# nismo jgtc



## motoracer47 (Jul 23, 2003)

just wanted to let people know that there is an article on the R34 nismo jgtc race car in the current issue of Racecar Engineering. I thought it was interesting that they dont use the rb engine anymore but the vq, the photos are not bad, some pro/engineer screen shots too.


----------



## Spartanic (Mar 25, 2004)

motoracer47 said:


> just wanted to let people know that there is an article on the R34 nismo jgtc race car in the current issue of Racecar Engineering. I thought it was interesting that they dont use the rb engine anymore but the vq, the photos are not bad, some pro/engineer screen shots too.


I saw that issue at Barnes. Very technical information, great stuff! Check out my auction for the real thing! :thumbup: 

http://cgi6.ebay.com/ws/eBayISAPI.d...awberriemoe&include=0&since=-1&sort=3&rows=50


----------



## GTES-t (Jan 2, 2004)

Yeah, they ended the RB when the last street GTR roled out of the factory in 2002.

Here's a link to the actual Nismo site with pics and basic info/specs on their two.

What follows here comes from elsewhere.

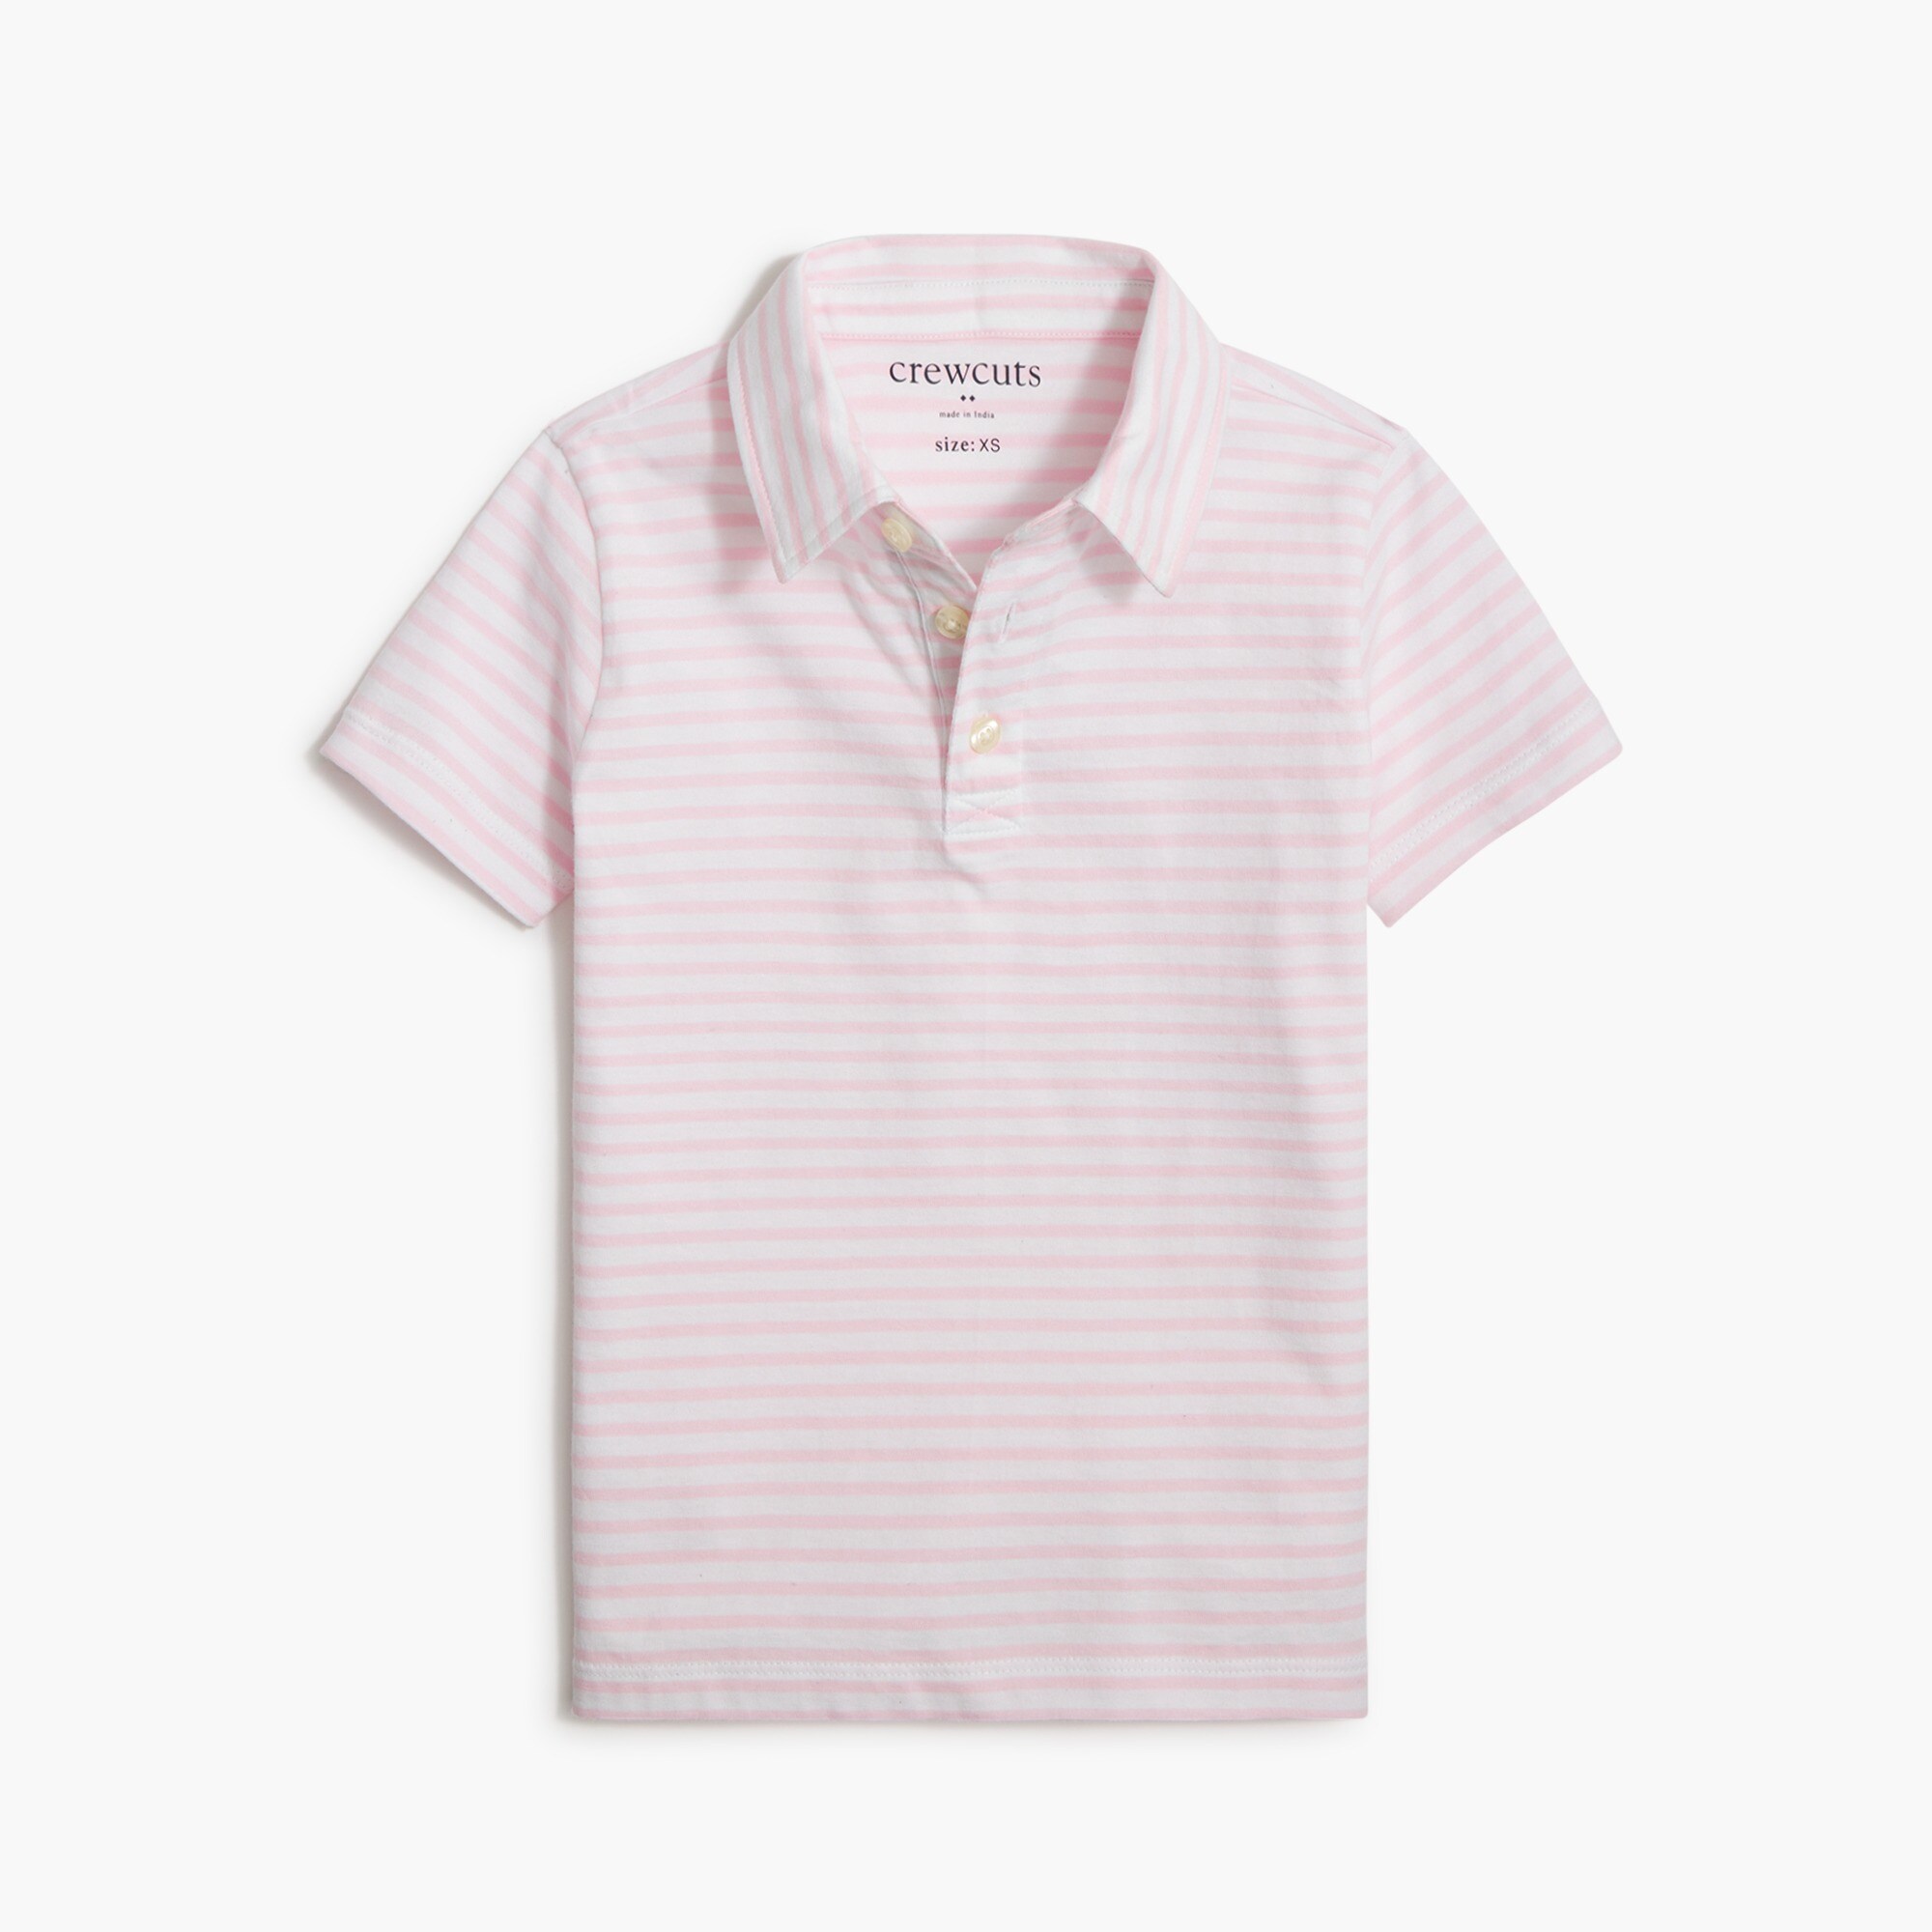  Boys' cotton striped polo shirt

http://www.nismo.co.jp/M_SPORTS/entertainment/download/index.html


----------



## McLaren F1 2003 (Jan 2, 2003)

GTES-t said:


> http://www.nismo.co.jp/M_SPORTS/entertainment/download/index.html



OOOOOOOOOOOOOOOOOOOOOOOOOOOOOO

:jawdrop:


----------



## scourge (Feb 27, 2003)

Latest issue of EVO magazine reports that the new JGTC Skyline (GTR) will be coming to the US to run in some un-specified series. The car (a Skyline but referred to as the GTR by the look of the pic) will be running a fully tuned and turbo (IIRC) VQ35 engine.


----------